Quick Exercise: Choose Deployment Architecture

flowchart TB
    A{"Requirements?"} -->|"Simple API
Low traffic"| B["FastAPI"]
    A -->|"TF models
Auto-batching"| C["TF Serving"]
    A -->|"Multi-framework
GPU cluster"| D["Triton"]

    style B fill:#00b894,color:#fff
    style C fill:#0984e3,color:#fff
    style D fill:#6c5ce7,color:#fff

Scenario A

Startup MVP, 1 PyTorch model, ~100 req/day

Answer: FastAPI

Scenario B

Enterprise: 5 TF models, A/B testing, 10k req/sec

Answer: TF Serving

Scenario C

PyTorch + ONNX + TensorRT, GPU cluster

Answer: Triton

TensorFlow Serving

Features

Production-grade serving
Model versioning
Automatic batching
gRPC & REST APIs
GPU support

Model Format

Requires SavedModel format:

model_dir/
  1/                # Version
    saved_model.pb
    variables/
      variables.data
      variables.index

TensorFlow Serving with Docker

# First, save model in SavedModel format
model.save('models/cv_model/1')  # (#1:Version 1)

# Pull TF Serving image
docker pull tensorflow/serving:latest-gpu  # (#2:GPU version)

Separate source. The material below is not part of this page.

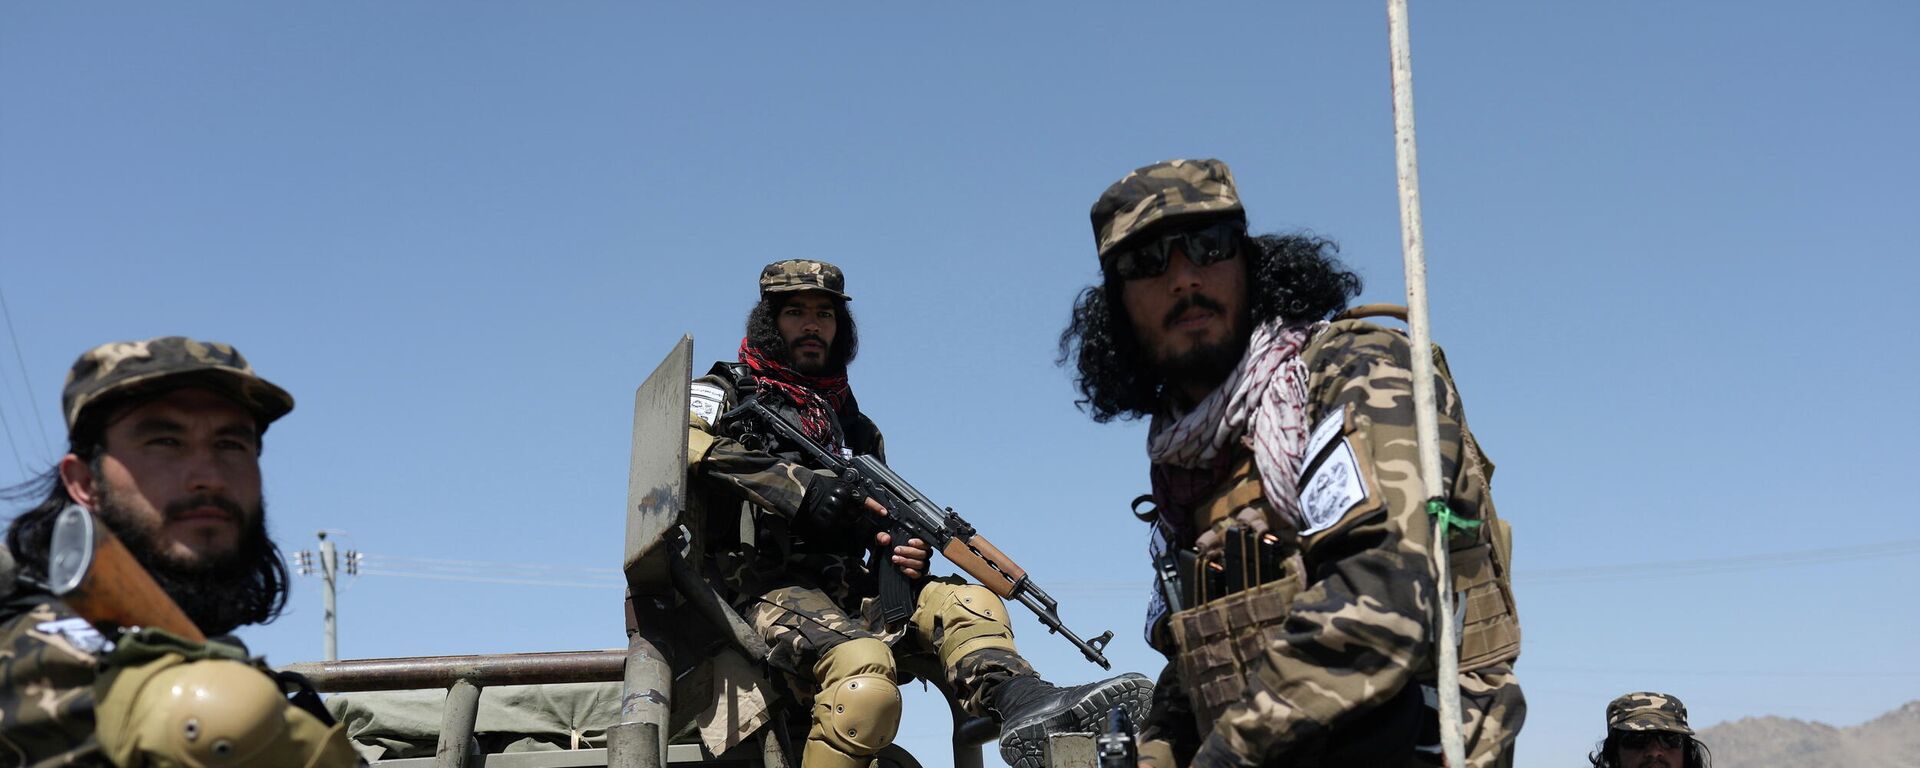 Members of the Taliban Intelligence Special Forces guard the military airfield in Kabul - Sputnik International, 1920, 28.10.2021

# Run TF Serving container
docker run -d --name tf-serving \
  -p 8501:8501 \
  -p 8500:8500 \
  --gpus all \
  -v "$(pwd)/models:/models" \
  -e MODEL_NAME=cv_model \
  tensorflow/serving:latest-gpu  # (#3:Start serving)

# Test REST API
curl -X POST http://localhost:8501/v1/models/cv_model:predict \
  -H "Content-Type: application/json" \
  -d '{"instances": [[...image_data...]]}' # (#4:REST prediction)

NVIDIA Triton Inference Server

Features

Multi-framework: TF, PyTorch, ONNX, TensorRT
Dynamic batching
Model ensemble
Concurrent model execution
Model versioning

Model Repository

model_repository/
  model_name/
    config.pbtxt
    1/
      model.onnx

Triton Configuration

# config.pbtxt
name: "image_classifier"
platform: "onnxruntime_onnx"  # (#1:Backend)
max_batch_size: 32  # (#2:Max batch)

input [
  {
    name: "input"
    data_type: TYPE_FP32
    dims: [ 3, 224, 224 ]  # (#3:Input shape)
  }
]

output [
  {
    name: "output"
    data_type: TYPE_FP32
    dims: [ 1000 ]  # (#4:Output classes)
  }
]

dynamic_batching {
  preferred_batch_size: [ 8, 16, 32 ]  # (#5:Batch sizes)
  max_queue_delay_microseconds: 100
}

instance_group [
  { count: 2, kind: KIND_GPU }  # (#6:GPU instances)
]

Running Triton Server

# Pull Triton image
docker pull nvcr.io/nvidia/tritonserver:23.10-py3  # (#1:Official image)

# Run Triton server
docker run --gpus all -d --name triton \
  -p 8000:8000 \
  -p 8001:8001 \
  -p 8002:8002 \
  -v $(pwd)/model_repository:/models \
  nvcr.io/nvidia/tritonserver:23.10-py3 \
  tritonserver --model-repository=/models  # (#2:Start server)

# Check model status
curl localhost:8000/v2/models/image_classifier  # (#3:Health check)

Ports: 8000 (HTTP), 8001 (gRPC), 8002 (Metrics)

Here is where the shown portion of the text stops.